● Dataset section
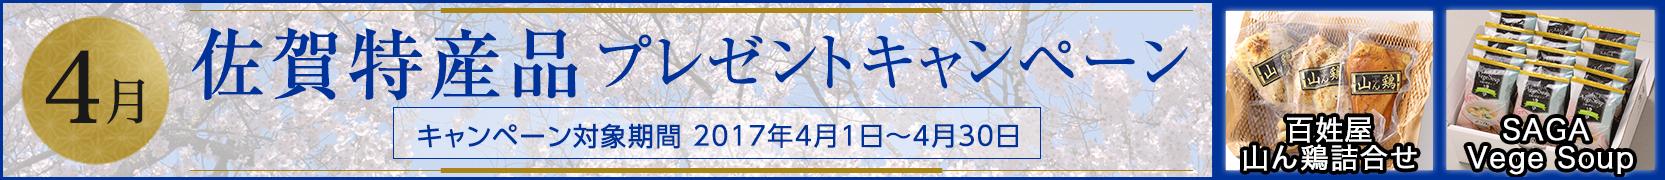 佐賀県特産品プレゼントキャンペーン4月
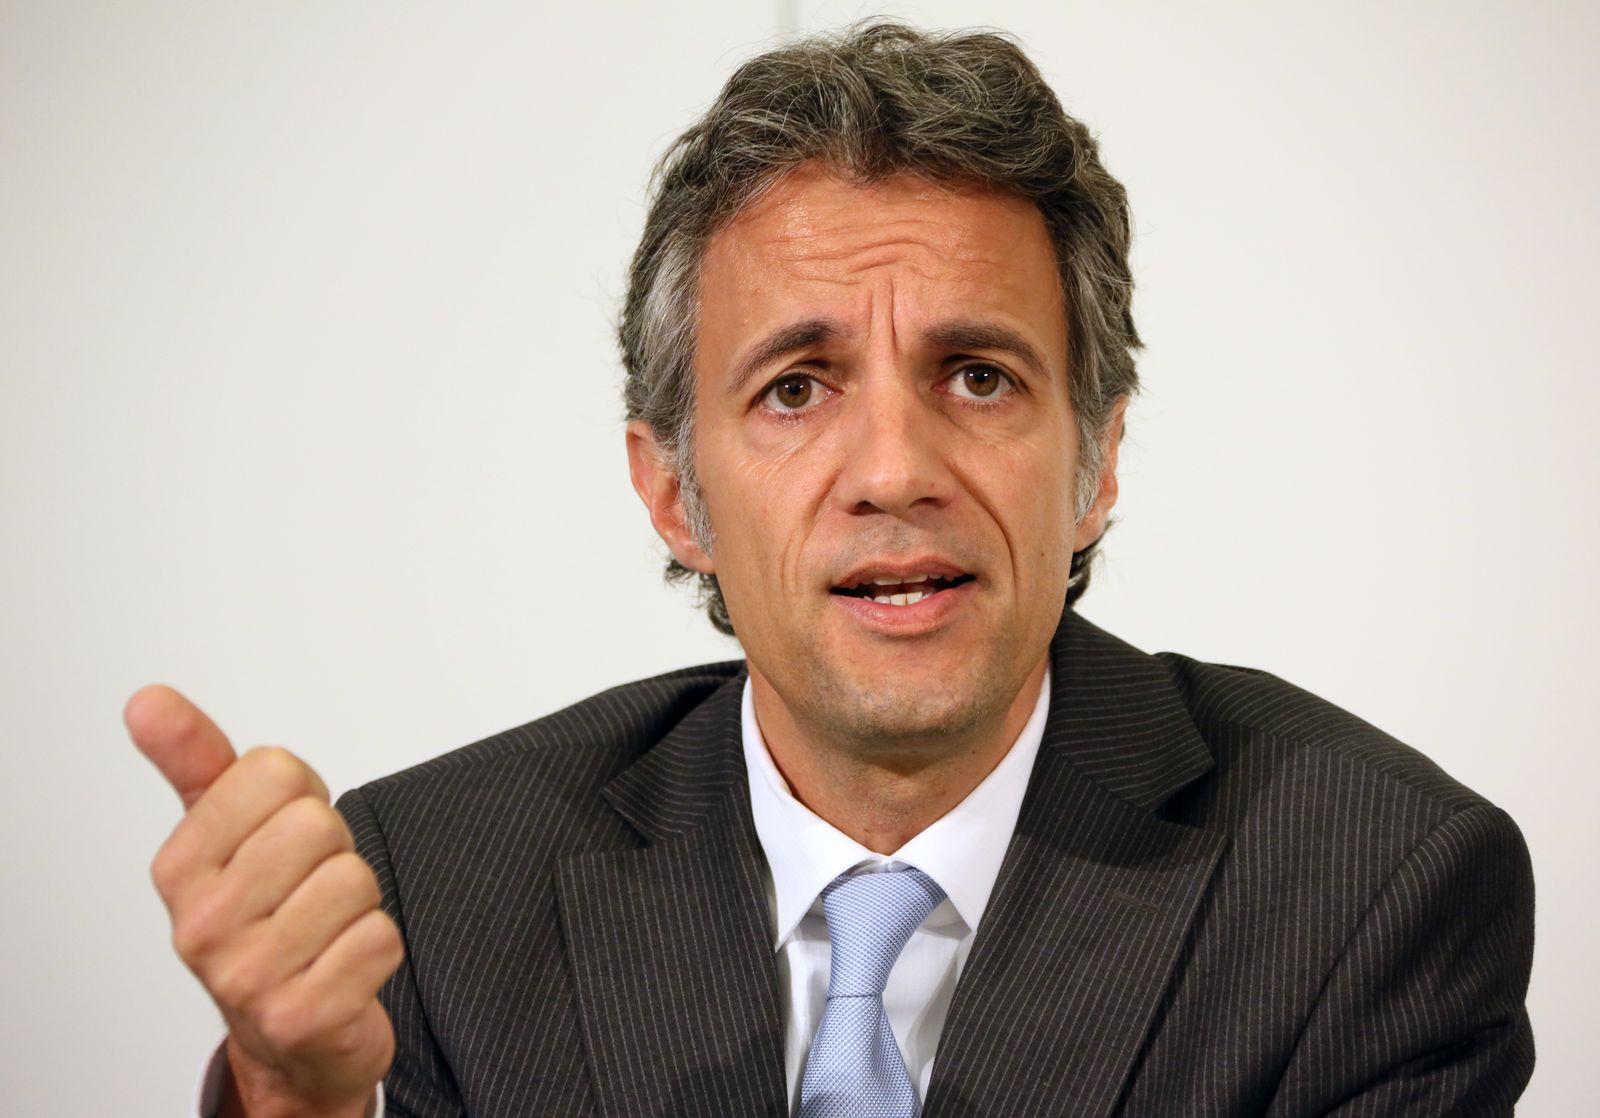 Jörg Dräger/ Vorstandsmitglied der Bertelsmann Stiftung
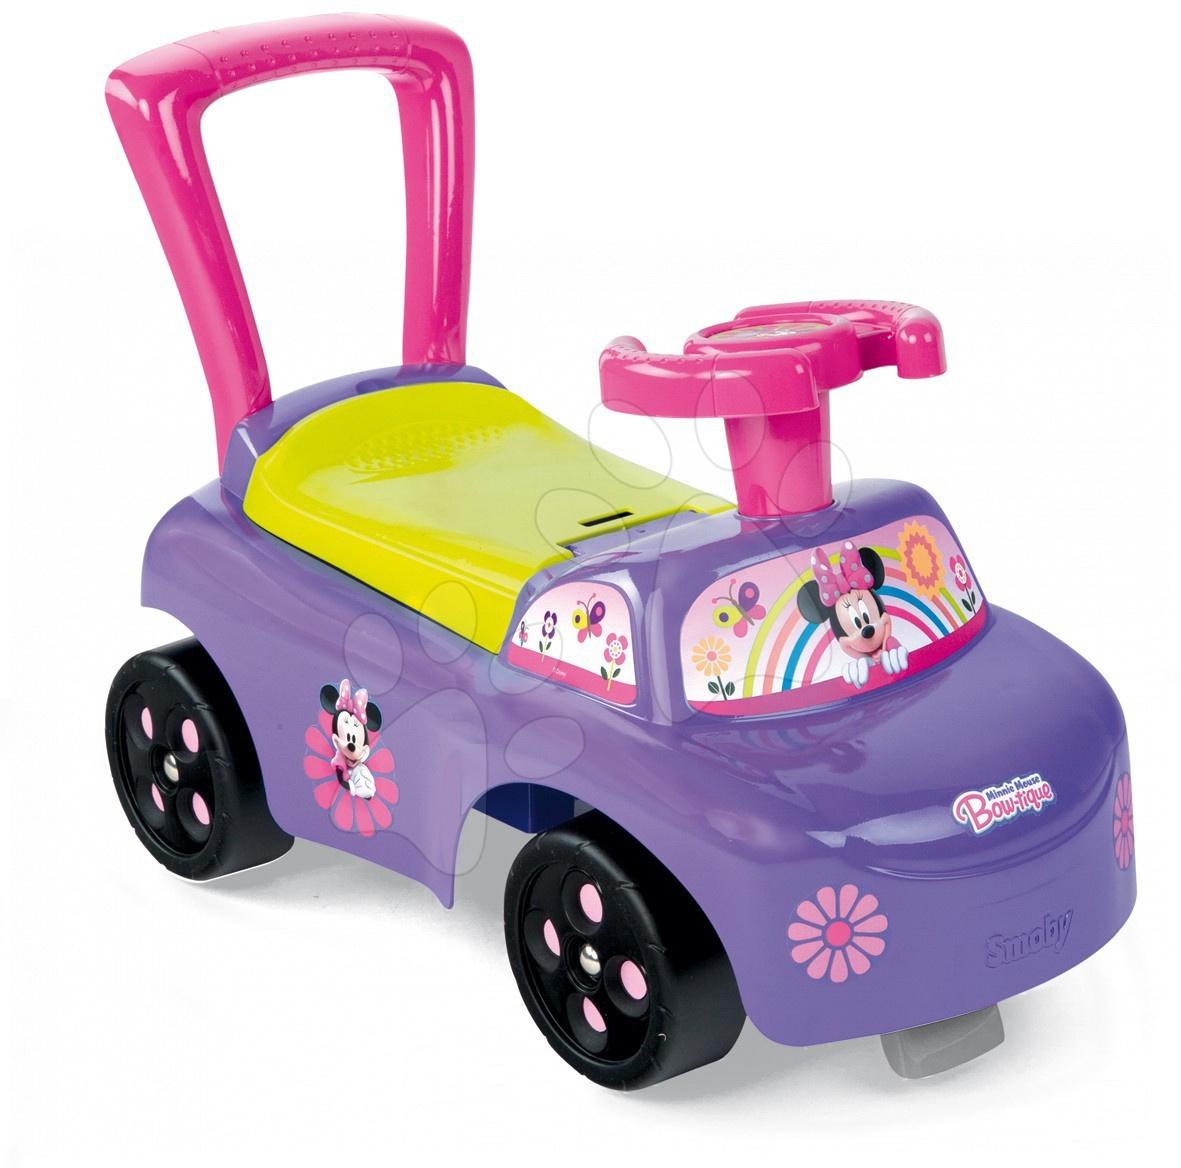 Auto odstrkovadlo Minnie Smoby fialové od 10 měsíců
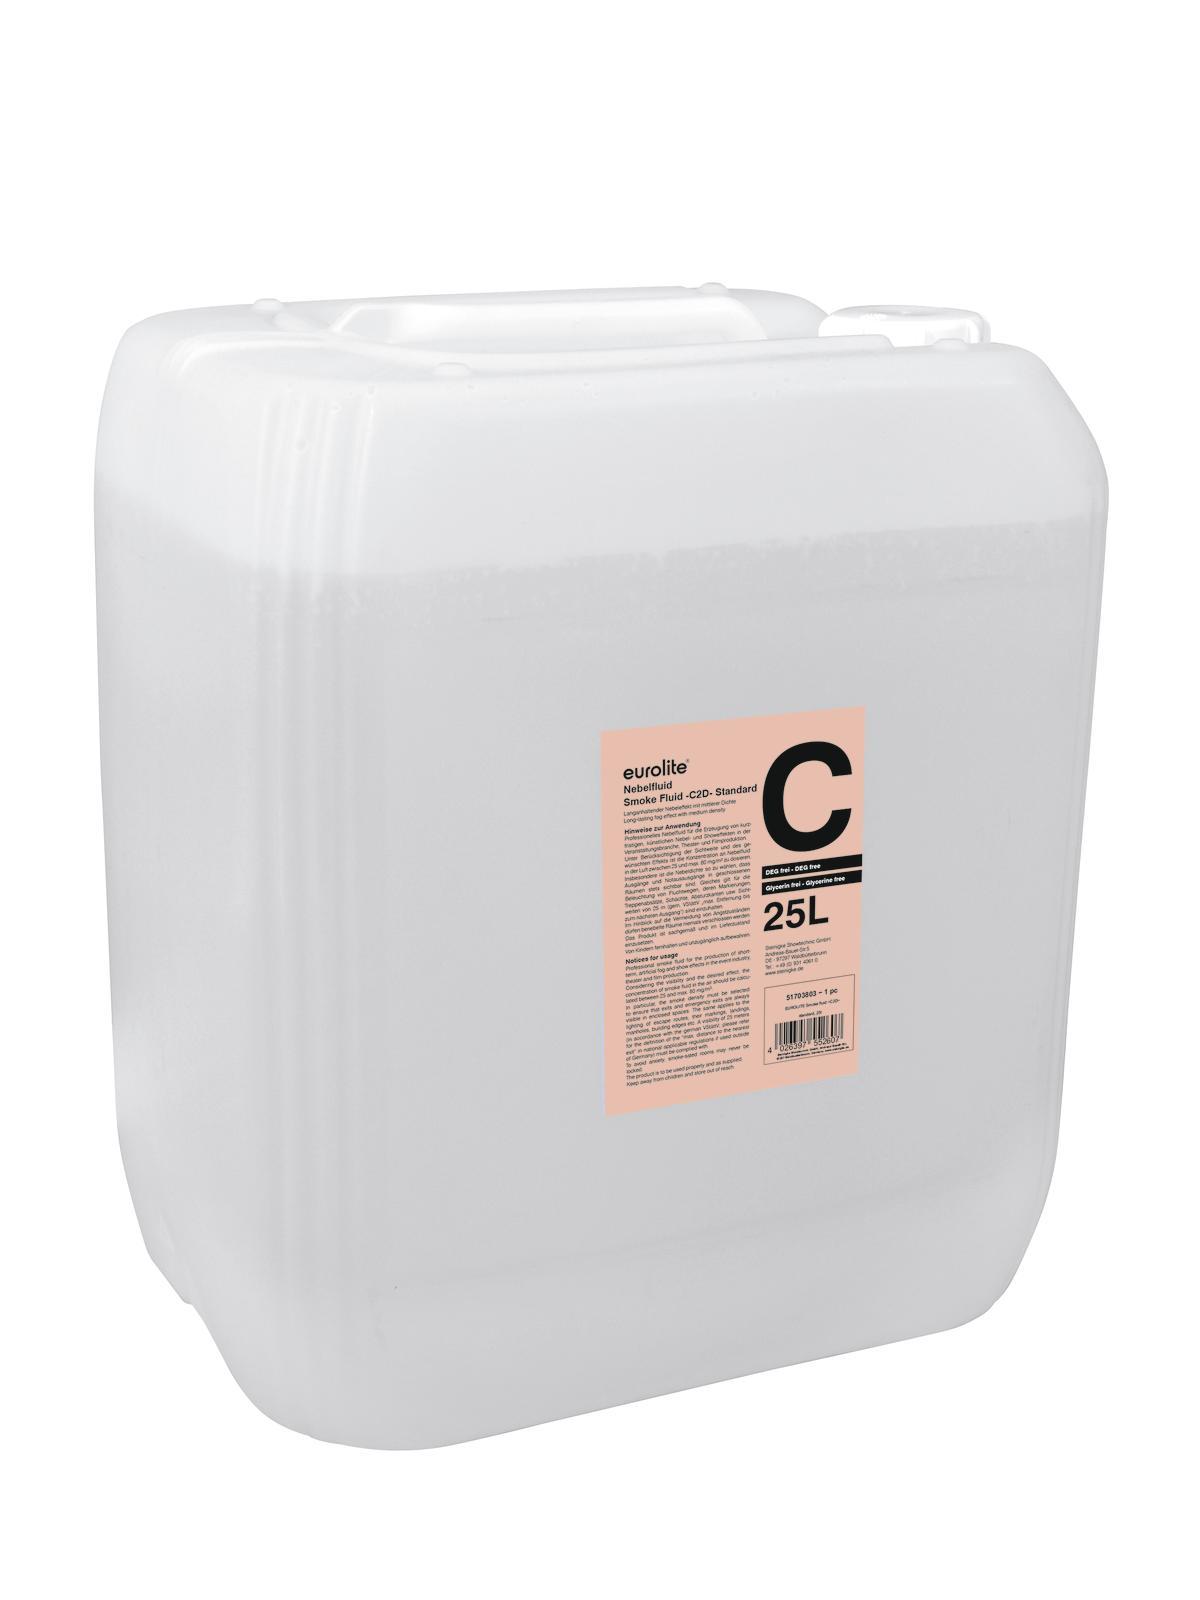 Liquido per macchina del fumo-nebbia -C2D - standard 25 litri EUROLITE

● Instructions to follow
Please return only the lines running from the line with "Auto odstrkovadlo Minnie" to the final line of the data, both included, exactly and without any pictures.

● Answer section
 Auto odstrkovadlo Minnie Smoby fialové od 10 měsíců
 Liquido per macchina del fumo-nebbia -C2D - standard 25 litri EUROLITE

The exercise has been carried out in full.